A north-east businessman is revving up his involvement in a charity which aims to empower sick and wounded military veterans through motorsport.
Findlay Leask of Aberdeen-based Caber Coffee has become the first Scottish business mentor for Mission Motorsport, a charitable organisation which was set up in 2012 to help
find hope and futures for people leaving the forces through sickness or injury. Notably, the charity ran the driving challenge for the 2014 Invictus Games and is currently working with Jaguar Land Rover to identify work opportunities in the motoring world.
Feeling the benefit of Findlay’s experience is former Black Watch soldier and now ambitious Fife-based racing driver Mikey Courts who was injured in Afghanistan in 2009 and again in 2011 when he ruptured a disk in his spine while taking cover from fire and subsequently suffered long-term mobility restrictions. Mikey raced go-karts with considerable success for the first time last year, graduating to the BMW Compact Cup in 2014.

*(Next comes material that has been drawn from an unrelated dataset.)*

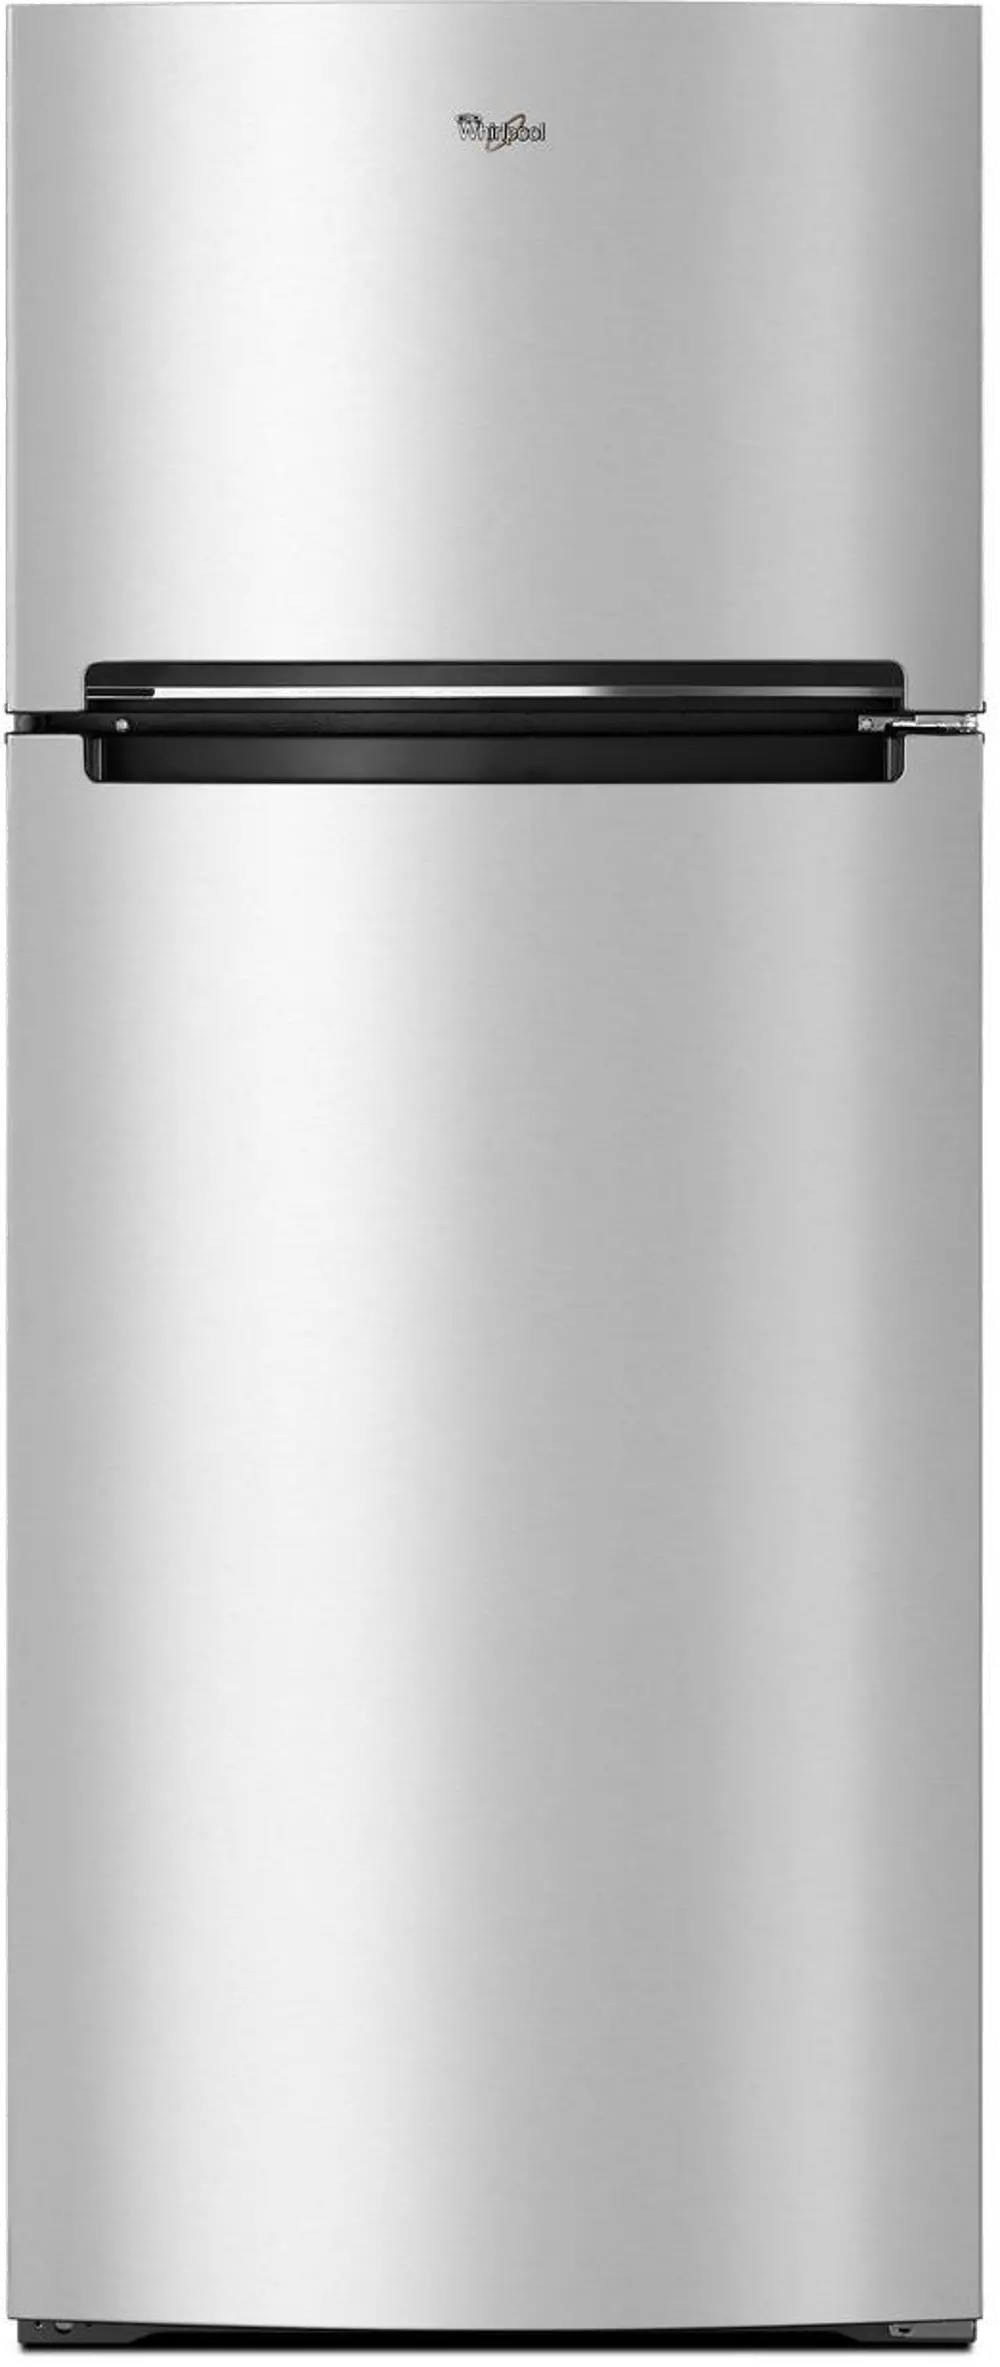 WRT518SZFM Whirlpool 18 cu ft Top Freezer Refrigerator - 28 W Stainless Steel-1

Findlay said: “Our initial involvement in Mission Motorsport was a fundraising coffee product and I am delighted to have become a mentor, a pilot project for the charity. I have seen the charity in action at Silverstone and speaking to those involved is incredibly humbling – they truly are heroes for how they face up to recovery. Becoming physical or mentally unable to do the job you are trained for must be terrifying but Mission Motorsport builds people back up, gives them motivation and hope, and brings them back to being part of a team.”